EXCERPTED RECORDS →
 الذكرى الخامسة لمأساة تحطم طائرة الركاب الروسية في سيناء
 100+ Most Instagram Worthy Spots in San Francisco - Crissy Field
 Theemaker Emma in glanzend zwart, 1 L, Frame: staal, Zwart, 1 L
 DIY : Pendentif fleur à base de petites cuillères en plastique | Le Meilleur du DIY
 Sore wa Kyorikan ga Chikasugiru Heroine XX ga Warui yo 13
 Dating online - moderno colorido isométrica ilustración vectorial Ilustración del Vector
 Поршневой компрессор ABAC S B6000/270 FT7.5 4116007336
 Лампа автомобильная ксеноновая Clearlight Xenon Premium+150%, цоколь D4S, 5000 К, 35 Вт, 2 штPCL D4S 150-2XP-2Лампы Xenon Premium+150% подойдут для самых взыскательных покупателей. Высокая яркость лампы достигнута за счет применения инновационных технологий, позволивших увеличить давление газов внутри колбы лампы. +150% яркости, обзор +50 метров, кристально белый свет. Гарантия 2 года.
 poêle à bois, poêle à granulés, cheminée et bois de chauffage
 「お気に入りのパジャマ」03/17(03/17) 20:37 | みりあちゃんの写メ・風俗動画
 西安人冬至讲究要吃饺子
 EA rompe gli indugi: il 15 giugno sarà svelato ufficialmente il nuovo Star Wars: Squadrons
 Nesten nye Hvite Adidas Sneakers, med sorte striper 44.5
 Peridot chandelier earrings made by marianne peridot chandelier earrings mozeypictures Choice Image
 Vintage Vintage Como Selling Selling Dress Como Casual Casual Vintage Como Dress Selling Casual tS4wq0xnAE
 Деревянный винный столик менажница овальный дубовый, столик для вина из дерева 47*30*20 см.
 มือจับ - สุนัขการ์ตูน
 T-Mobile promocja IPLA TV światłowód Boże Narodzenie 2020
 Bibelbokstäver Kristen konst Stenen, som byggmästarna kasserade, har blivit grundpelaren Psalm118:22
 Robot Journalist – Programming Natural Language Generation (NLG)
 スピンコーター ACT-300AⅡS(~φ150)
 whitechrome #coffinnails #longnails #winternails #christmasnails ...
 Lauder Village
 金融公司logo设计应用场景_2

WHAT IS EXPECTED → The answer must consist of the lines from the one with "Bibelbokstäver Kristen konst" through the final line of the entries above, exactly as they are, and nothing else.

RESULT OF THIS TASK →
 Bibelbokstäver Kristen konst Stenen, som byggmästarna kasserade, har blivit grundpelaren Psalm118:22
 Robot Journalist – Programming Natural Language Generation (NLG)
 スピンコーター ACT-300AⅡS(~φ150)
 whitechrome #coffinnails #longnails #winternails #christmasnails ...
 Lauder Village
 金融公司logo设计应用场景_2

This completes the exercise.